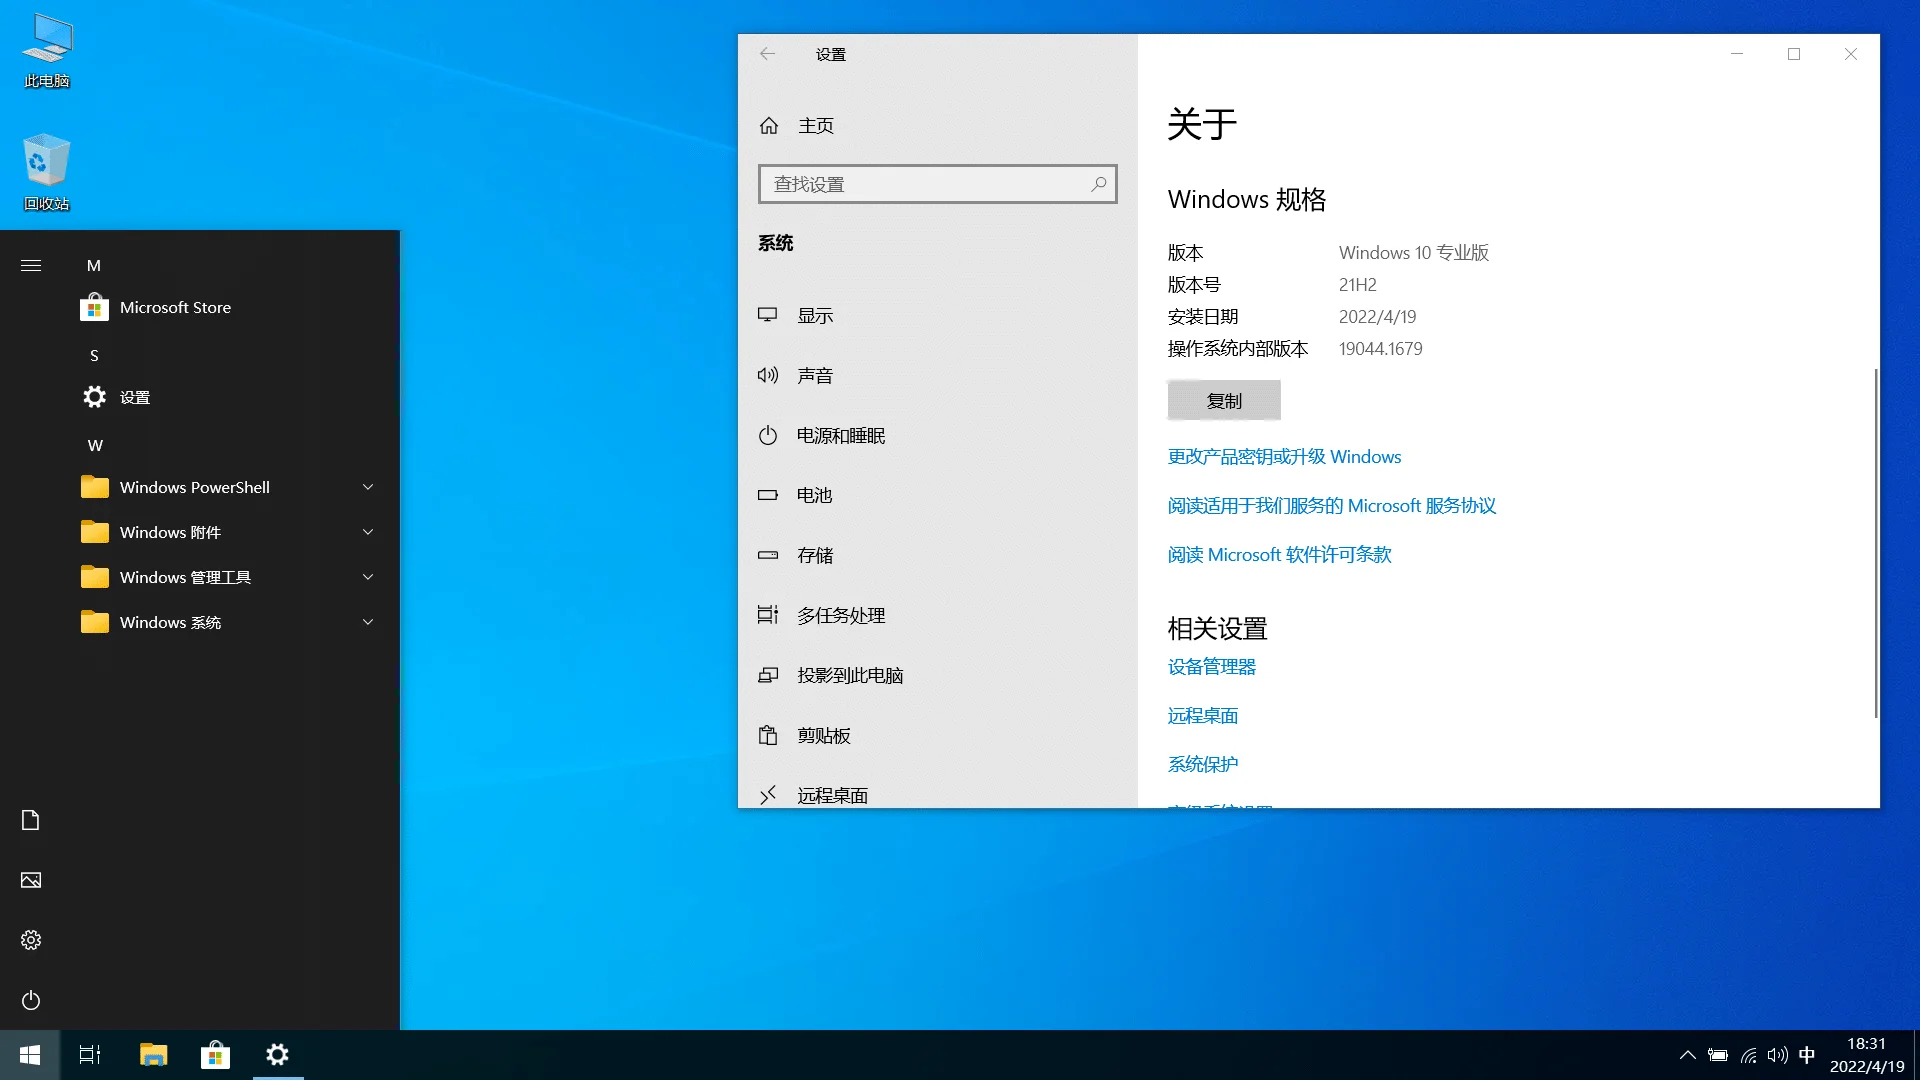 【果核】Windows 10 Pro 21H2(19044.1706) 优化精简版
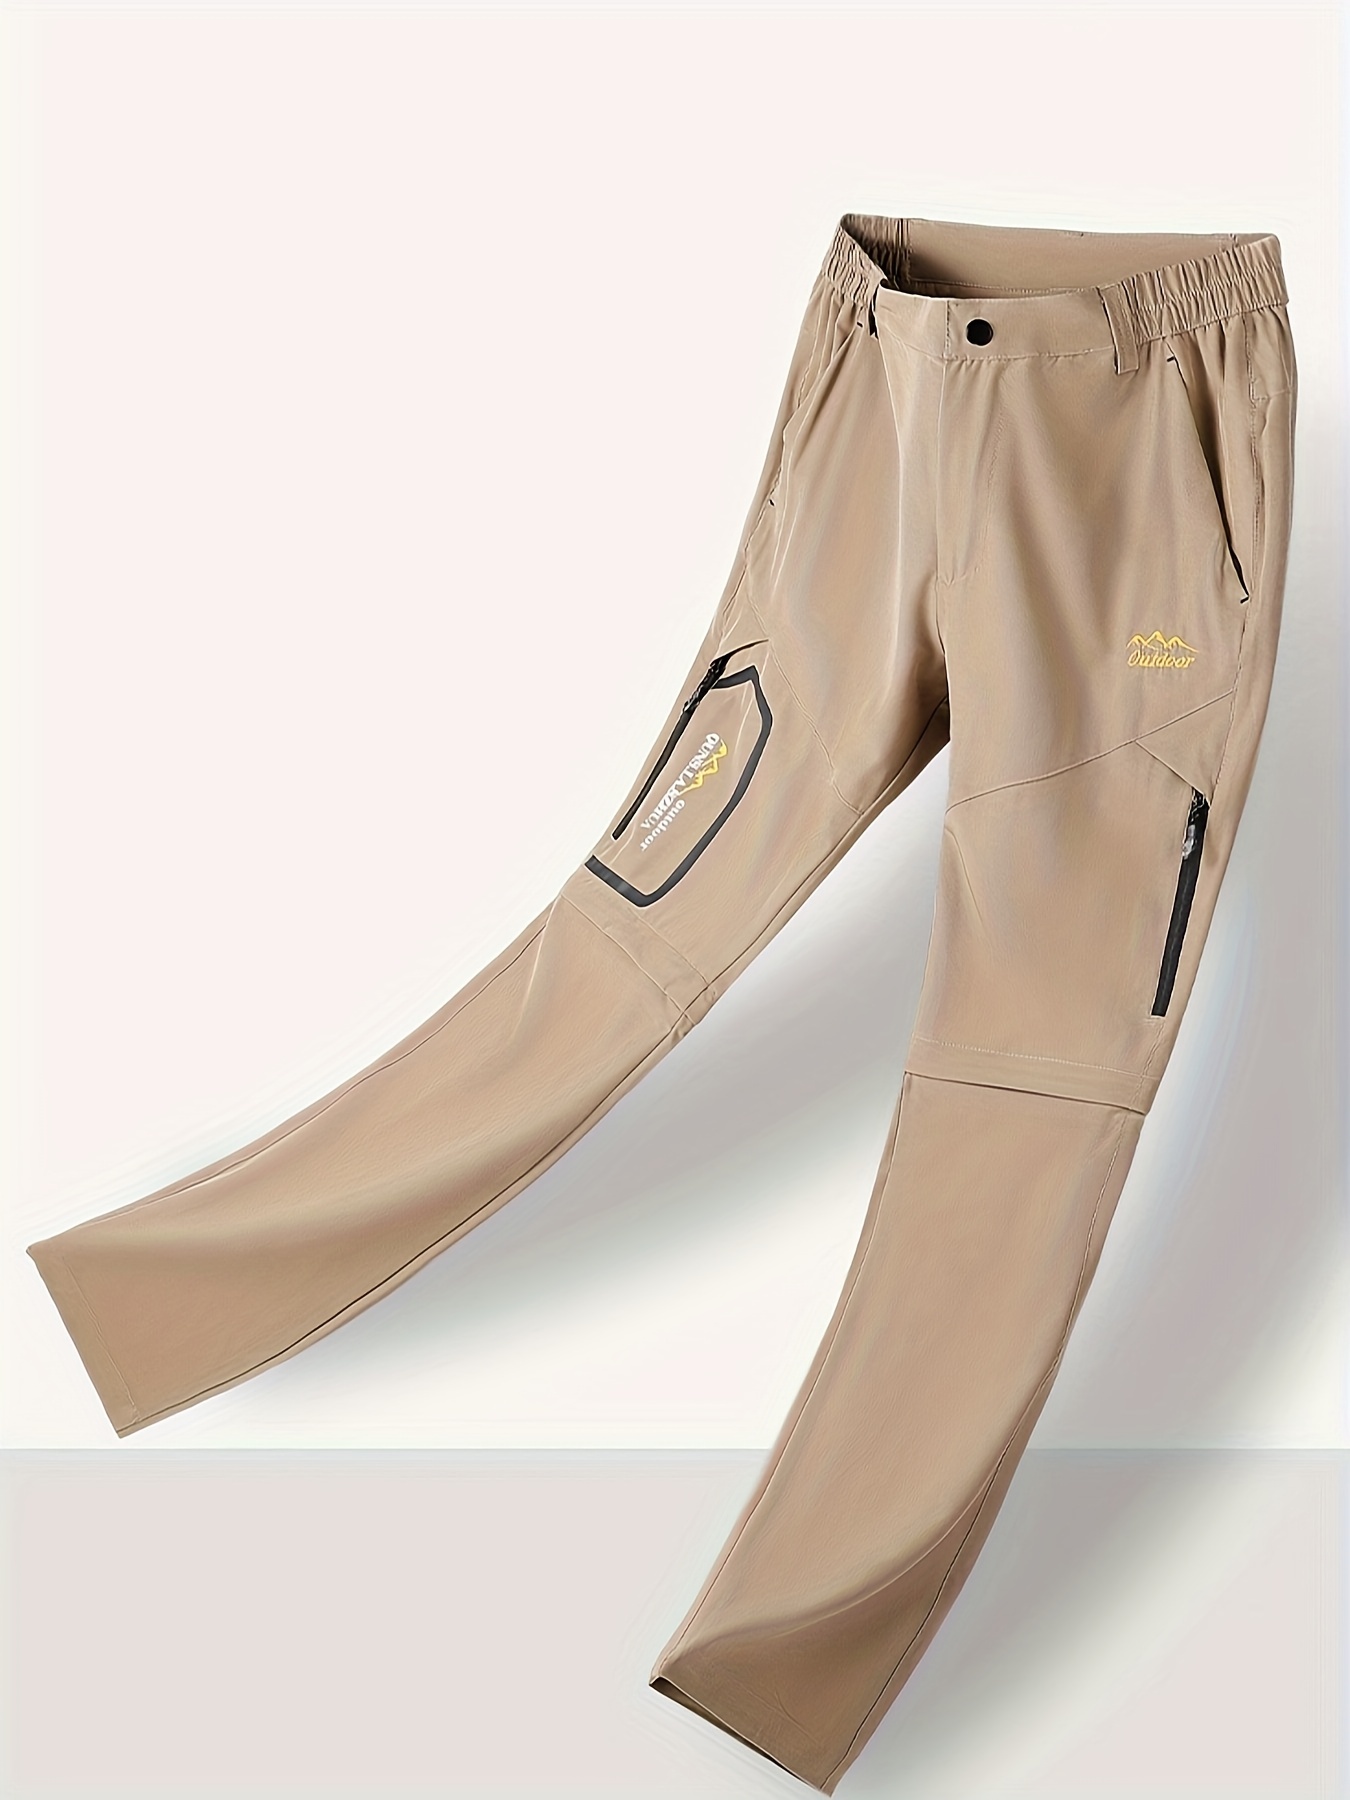 Hot Men's Hiking Pants Convertible Quick Dry Lightweight Zip-Off
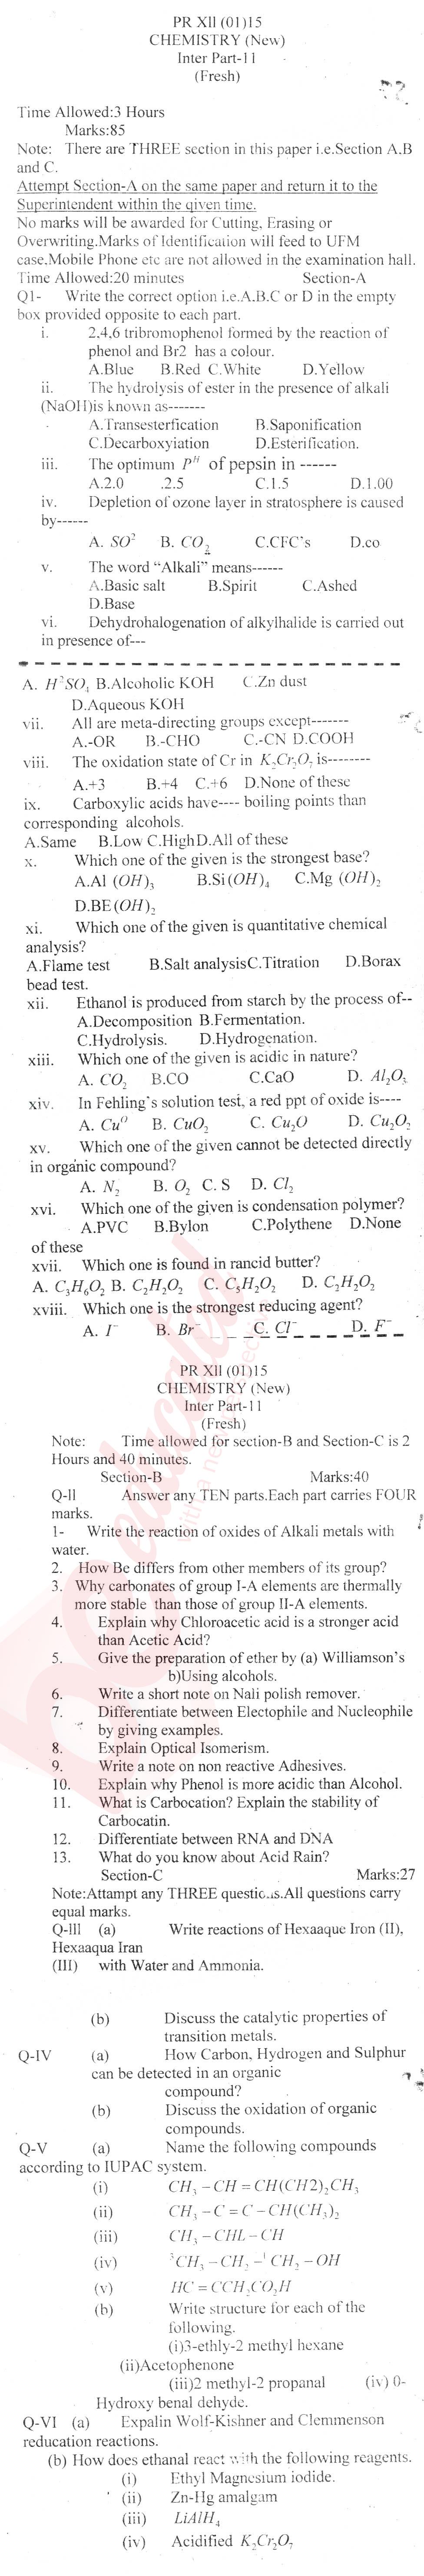 Chemistry FSC Part 2 Past Paper Group 1 BISE Mardan 2015
· · · ·
#### WHAT THE TASK REQUIRES:
From the line containing "Hot Men's Hiking" through the last line of the data above, write out every line word for word, and nothing else. Do not include the pictures.

#### THE COMPLETED TASK:
 Hot Men's Hiking Pants Convertible Quick Dry Lightweight Zip-Off
 Chemistry FSC Part 2 Past Paper Group 1 BISE Mardan 2015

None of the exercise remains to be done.